No one likes being told they can’t do something. The 2-year-old who hears “No!” feels the same as a teenager who is given a curfew or an adult who is harnessed by a boss. We pride ourselves with the ability to do what we want and it frustrates us when we reach the end of our rope. When it happens, we have reached a boundary. A boundary is the place that marks the spot where we are forced to stop.
The Bible tells us God created boundaries for each person. He did not create them to limit us. He created them so we could find Him. He is located in the boundaries. They are one of His most effective interruptions.
Boundaries are frustrating because they stop us in our tracks. They come in all shapes and sizes. Some are temporary, and unfortunately, others are permanent. There are health boundaries, financial boundaries, emotional boundaries, age boundaries, educational boundaries, career boundaries and even spiritual boundaries. We can grow and move in all of these areas, but they each have their limits.

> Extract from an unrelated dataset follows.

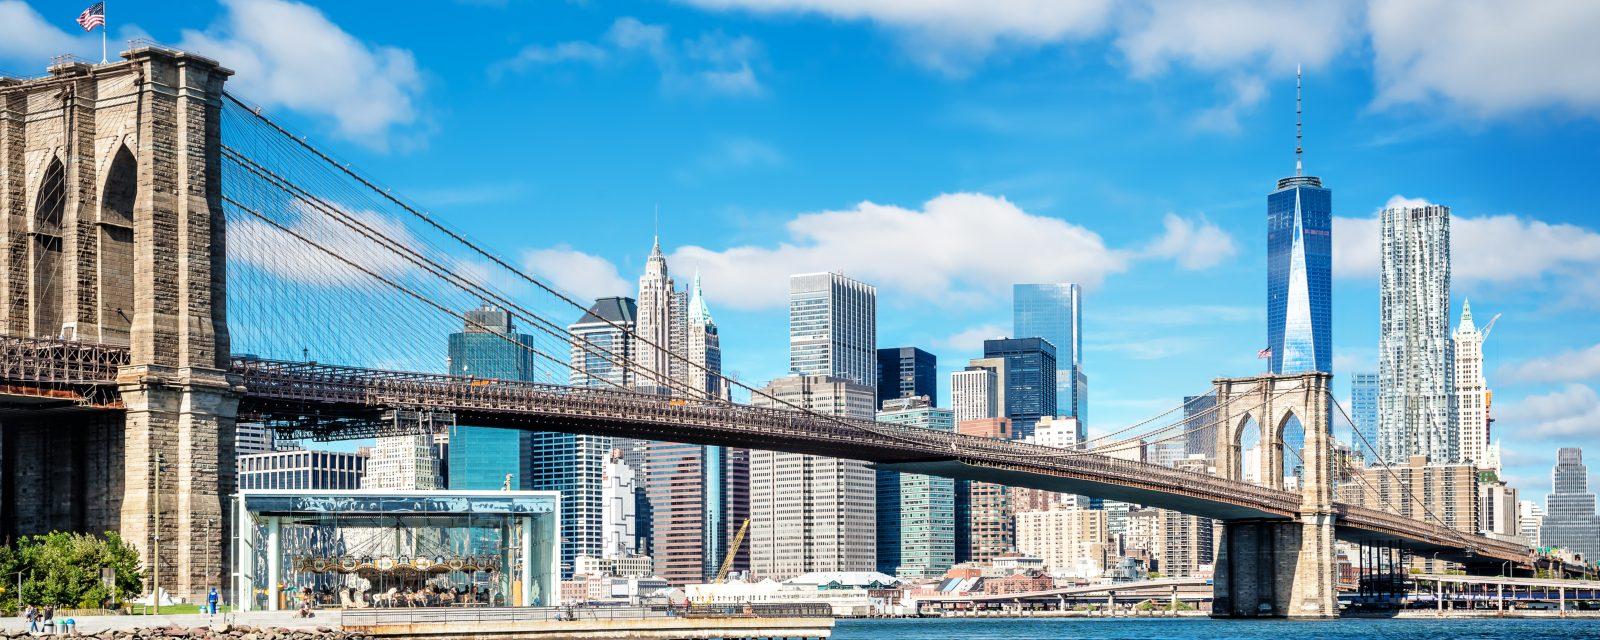 New York Hotels Luxus Resorts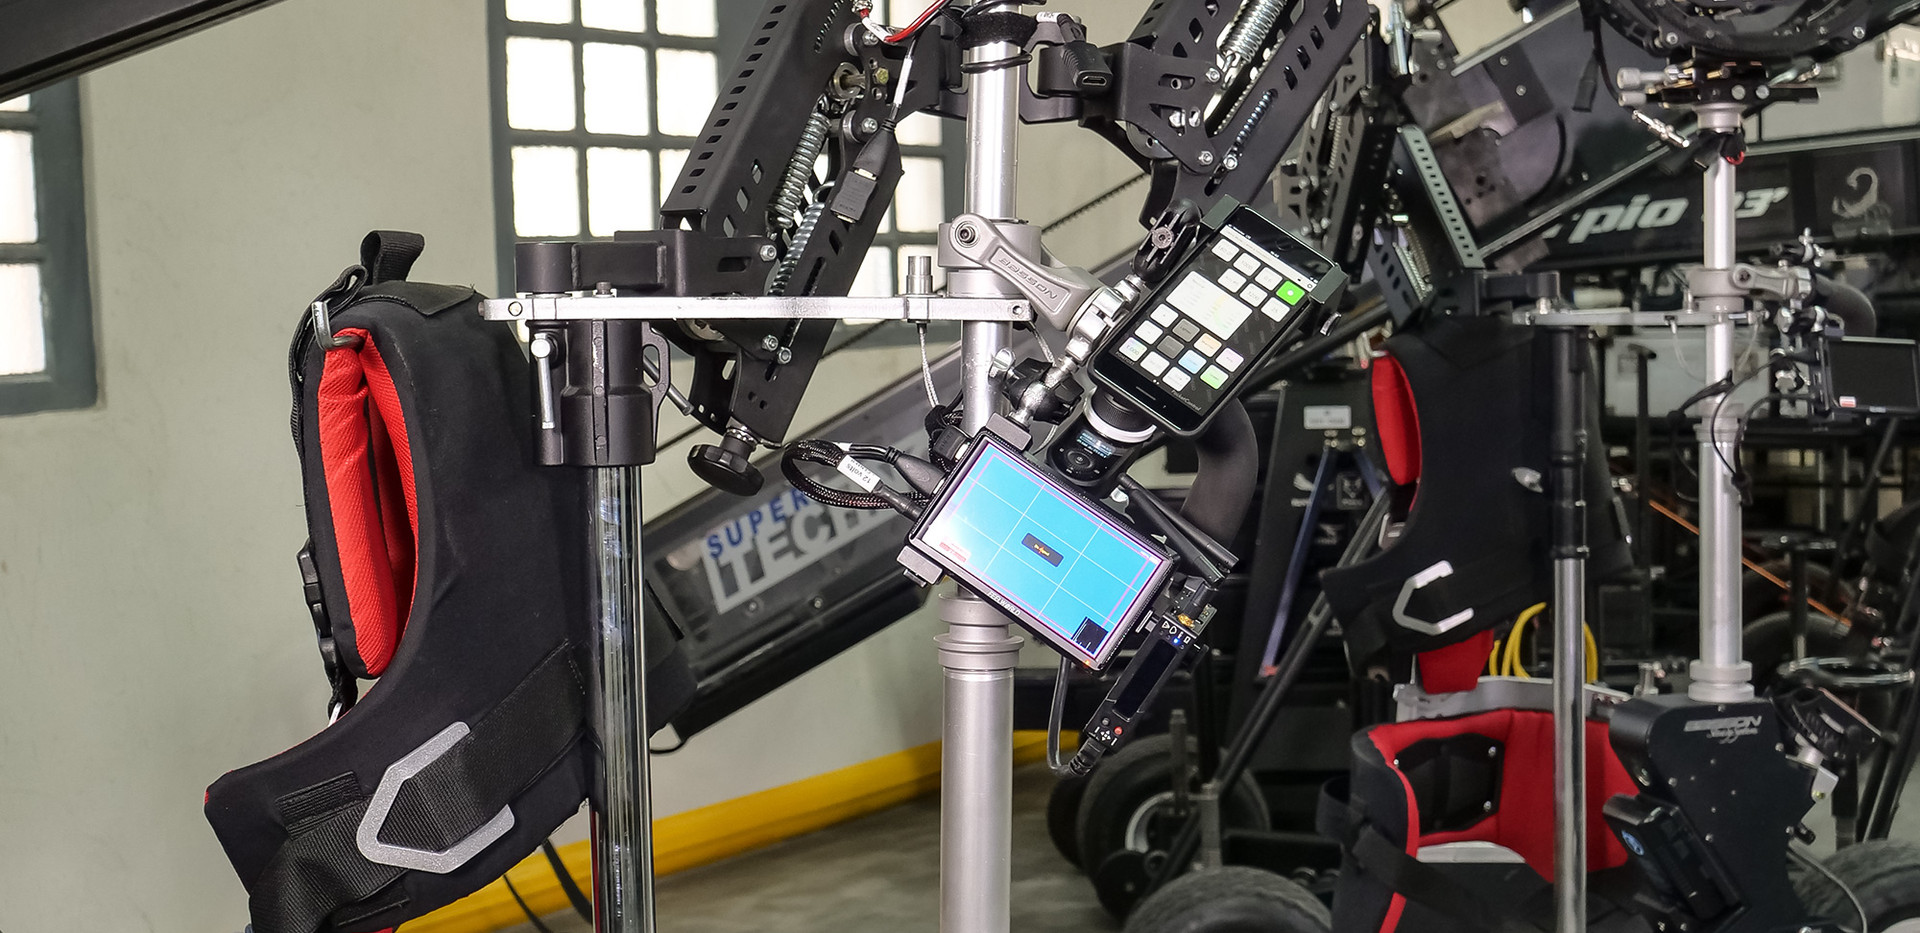 Hybrid Steadycam with Arri alexa mini plus hybrid steadycam Endless 3 Basson Steady camera stabilizer

I have a dear friend who is talented, wise and productive. She is a contributor to society. Her family, the church she attends and her co-workers all benefit from her presence. She was diagnosed with a terminal illness. Doctors say she has a year. She has bumped into a boundary.
My mom recently broke her foot. She is healthy and active. She was doing laundry. She just stepped the wrong way and pop—her foot broke. She found a boundary.
I know a man who feels stuck in his career. He has held the same title at his company for 12 years. He has done continuing education. He has received annual high performance ratings. Yet, he has been passed over 5 times for a promotion. He has run into a boundary.
I know a student athlete who desperately wants to be a starter on his team. He works out. He runs. He has skills, but there is always someone who seems to be stronger, faster and a little more skilled. He is rubbing up against a boundary.
You know you have found a boundary when what you want is just beyond your reach; and no matter what you do, you can’t change it. God uses boundaries to interrupt our lives. He is not being cruel. God did this so that you would seek him and perhaps reach out for him and find him, because he is not far from any one of us.1
When we reach a boundary, it feels like God is nowhere near. We feel pain, sorrow, frustration, disappointment and fear. Yet, it is in the boundaries God has lovingly hidden Himself. If we look for Him we will find Him and the grace of God will become practical.
God can interrupt us before we hit a boundary (there will be more about that in some upcoming blogs), but sometimes we need to be reminded of our limits. Without boundaries, we would build our lives and leave God out.
Gary was one of four sons. His first religious memories are of his mother taking him to church as a child. His parents argued often and his dad did not see any value in turning to God for help. To have one less thing to fight about Gary’s mom gave up attending church. Gary stopped too.
As a teen, Gary’s home life was tense. He felt disconnected from his parents and lacked moral guidance. For thrills he started stealing bikes and selling them. This activity laid the foundation for more poor decisions. He eventually started breaking into homes.
After graduating from high school, he realized he could make good money selling drugs and fencing stolen property. After some trouble with the law, he determined his life needed a new direction so he joined the National Guard and became mechanic. He says of himself at that time, “I looked good, but I was living on thin ice.”
After his time in the guard ended, he found a job at the water department with the City of Akron. In spite of a stable job, He took up his old habits selling drugs and stolen property. His life was in a downward spiral. He was at the end of his rope. It is here that God sent an interruption named Steve. Steve worked in the same department with Gary.
At the end of a workday Steve would catch Gary and walk with him to his car. He would share Scripture and talk of his relationship with Jesus. His persistence and patience was irritating. Finally, Gary told Steve, “I have no need for your Jesus.” Steve backed off, but Gary said, “I started missing those conversations.”
Two weeks later, Gary was involved in a severe car crash. When his truck finally stopped moving and the noise of wreckage went silent, he heard Someone say, “Gary, have you had enough.” It is here that Gary found God in his boundary.
He walked away from the crash, but he walked back to Steve. All he could think about were the Scriptures Steve had shared with him. He was ready to listen and learn. The next day Gary received God’s grace and became a follower of Christ.
Eighteen months later, Gary married, started a family and became the father of three children. Looking back on his life Gary says, “God has blessed me. My life hasn’t always been easy, but God has been faithful. I’ve learned to look for God when I hit a boundary.”
Before you try to break through your next boundary, pause and look for God. His presence and grace are close at hand.